The efficiency of the micronization process by means of infrared radiation is determined not only by the type of a radiation source and its location relative to a transporting surface but also by the ability of the transporting surface to provide the equable movement of grain material. During the development of a micronization unit, grain material shifting to the periphery by the motion on a flat vibrating plane was revealed. This makes fodder grain micronization more difficult. The additional studies of a single kernel motion trajectory proved the revealed peculiarity. The cause of grain shifting is the component of gravity by the change of the surface inclination angle. At the same time, the proposed design solutions for the micronization unit and improving the formation of fluidized bed create turning-vibrational motions in a cross-sectional plane. This gives additional Coriolis force influencing the kernel and making an impact on the kernel shifting pattern. To eliminate grain shifting to the periphery it is proposed to change the flection of the transporting surface in the design of grain micronization unit.

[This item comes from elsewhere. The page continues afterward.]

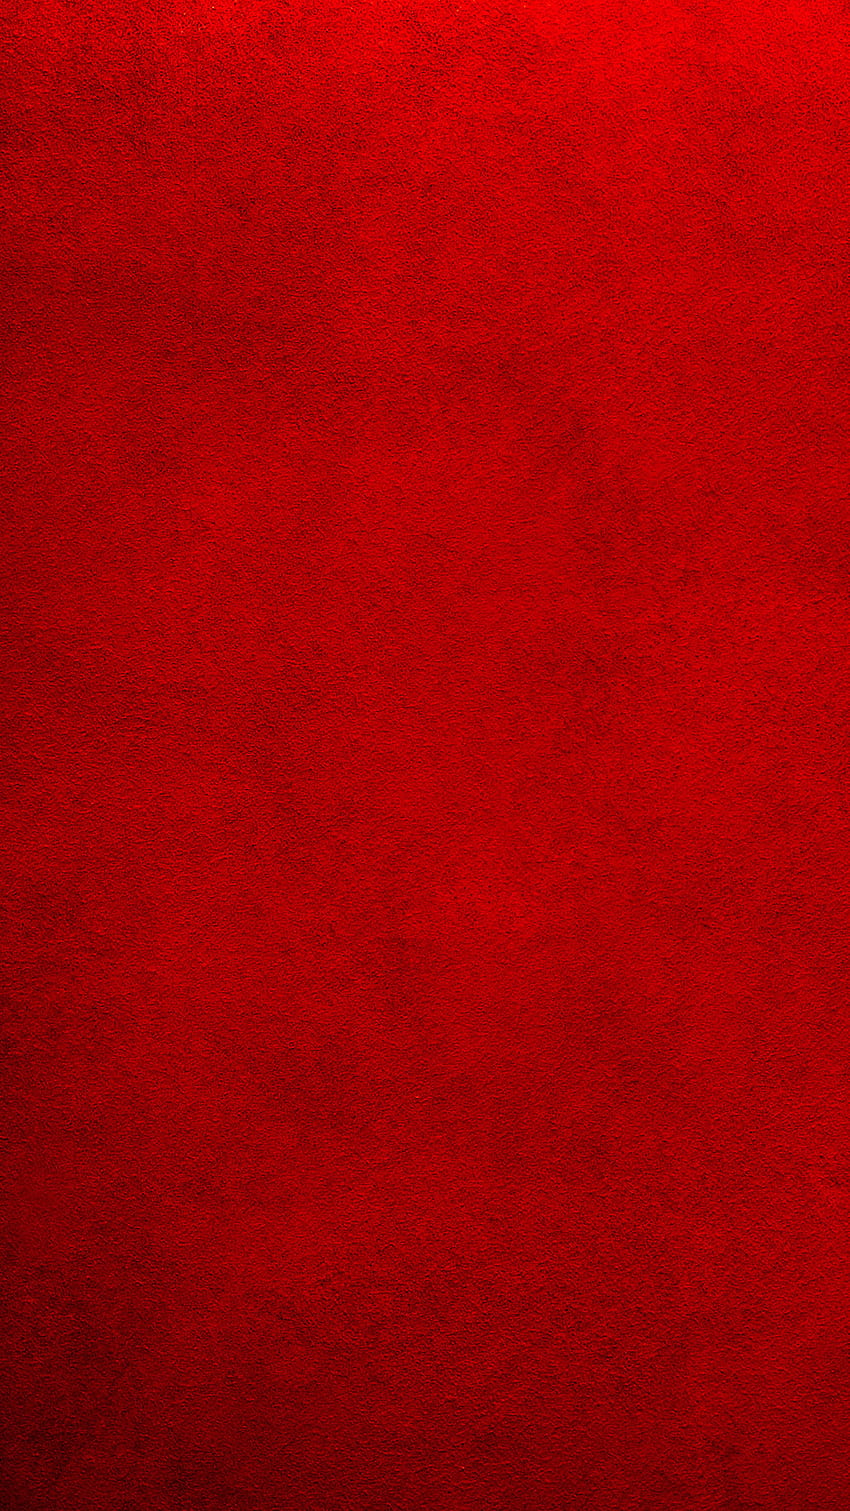 Abstract Colors in the Shades of Red 4K wallpaper download

For automation of calculation processes and simulation of kernel motion trajectory on an inclined plane, a special program was developed using the language Visual C# which allowed simulating the motion trajectory according to the given parameters. The simulation has revealed that by kernel movement an inclined plane, which radius makes 0.155 m, the peripheral shifting is absent and a kernel along with longitudinal movements on the transporting surface makes also transverse ones. Experimental verification of the mathematical modeling results has shown the validity of the calculations. At the same time, the study of kernel motion in a grain layer has shown kernels moving in transverse direction. In relation to the fodder grain micronization unit, it means that kernels due to the transverse motion on the transporting surface cross the zones with different intensity of infrared radiation which allows proving the equal heating conditions for all kernels in a moving grain layer.